Finding strong Gaia1.0 would change our views about planetary habitability (finding Earth2.0 would be a confirmation of a prevalent idea). The degree of rethinking can be hinted at by posing a question: Is habitability a characteristic of a planet, such as temperature, or is it something that flows through it, such as heat? Stated another way: Is it a state or a process variable? The classic “Habitable Zone” concept assumes it can be treated as a state variable. From that, follows the assumption that its limits can be determined so as to make a phase diagram that delineates regions that allow for life. On a strong Gaia, the origin and evolution of life are dominant for habitability, and multiple temporal paths could lead to variable end-states of inhabitance (Walker et al., 2018). This is a process variable view (Bridgman, 1943) under which multiple equilibrium states are possible and path dependence cannot be ignored (Dyke and Weaver, 2013; Weaver, 2015; Lenardic et al., 2016a). This brings in layers of potentiality associated with evolution and historical contingency [a contingent process is not the same as a random process (e.g., Bohm, 1957)]. The approach to planetary life research would, as a result, need to move toward one that is more statistical/probabilistic than it is at present (Walker et al., 2018).

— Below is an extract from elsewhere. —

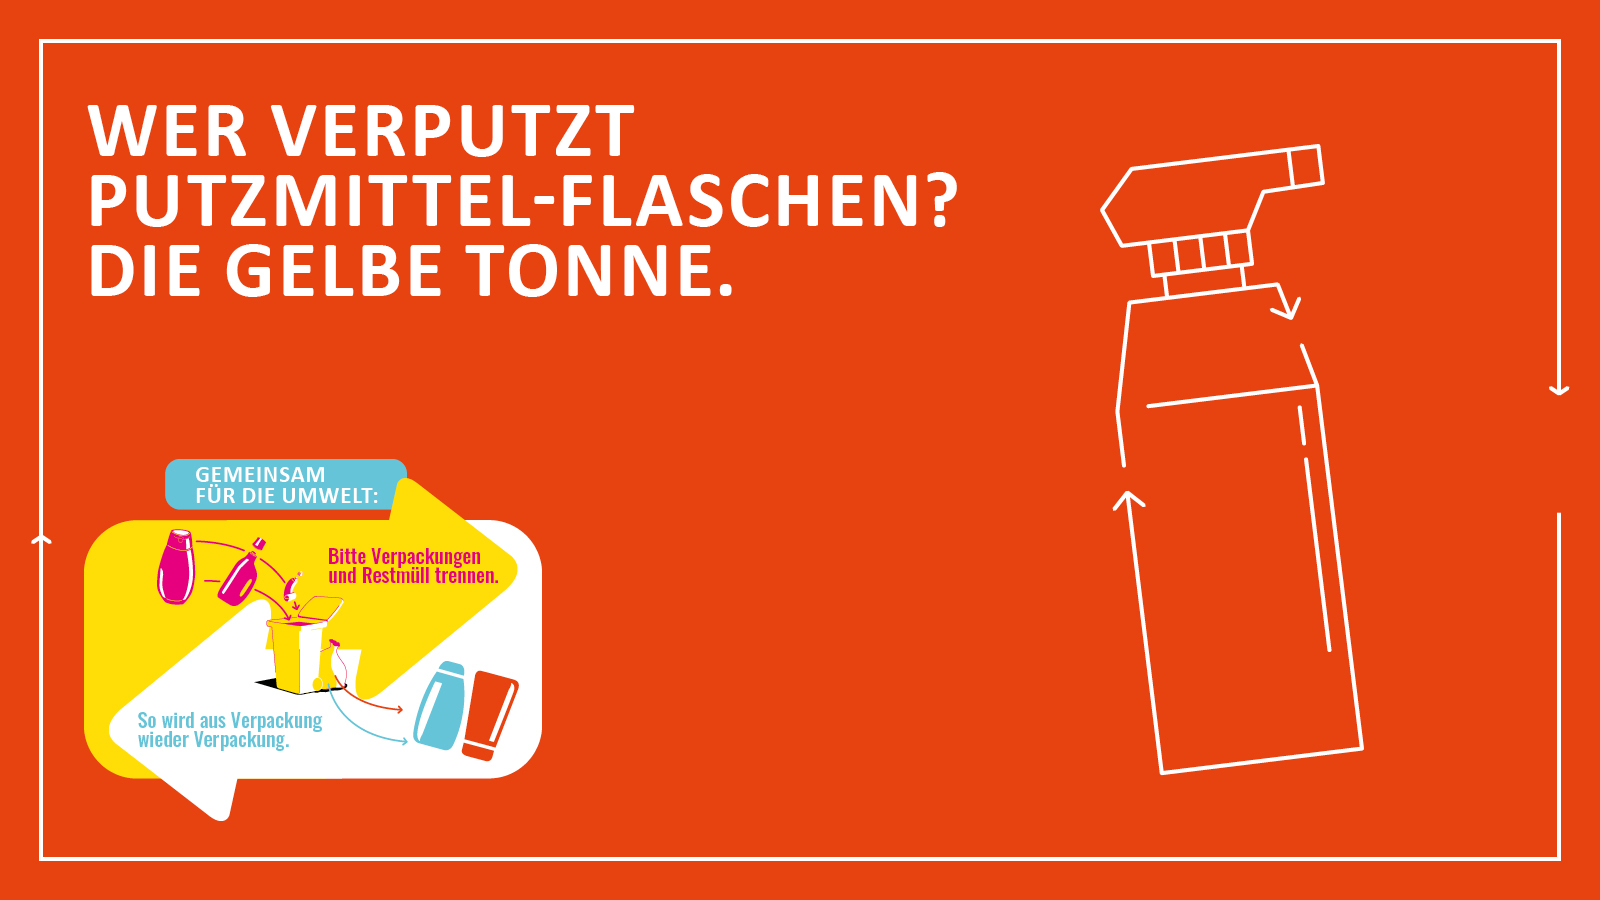 Grafikmotiv mit Slogan  für richtige Mülltrennung und stilisierte Putzmittel-Sprühflasche

The issue of evolution leads to a final point. Rare Earth ideas acknowledge that planets different from Earth could have simple (microbial) life but argue that higher life (plants and animals) requires Earth-like conditions (Ward and Brownlee, 2000). Life can respond to environmental changes. Many of the changes, considered critical to the development of higher life on Earth, are ascribed to internal energy sources driving changes in surface conditions such that if a planet lacked the geological changes that occurred on Earth, it could have microbial life, but it would not have developed higher life (Ward and Brownlee, 2000; Stern, 2016). The idea that evolution requires environmental changes is not agreed upon for the evolution of life on Earth (McKee, 2000; McShea and Brandon, 2010) and extending it to planetary bodies is an a priori assumption. Exoplanet biosignatures might be of the kind that prevailed on early Earth, before the rise of complex life, or of the kind associated with higher life (Schwieterman et al., 2018). Finding signs of higher life on a geologically inactive planet could provide a new layer of evidence that evolution can proceed in an autocatalytic mode, with no need for externally driven environmental changes (Kauffman, 1993; Cazzolla Gatti, 2011).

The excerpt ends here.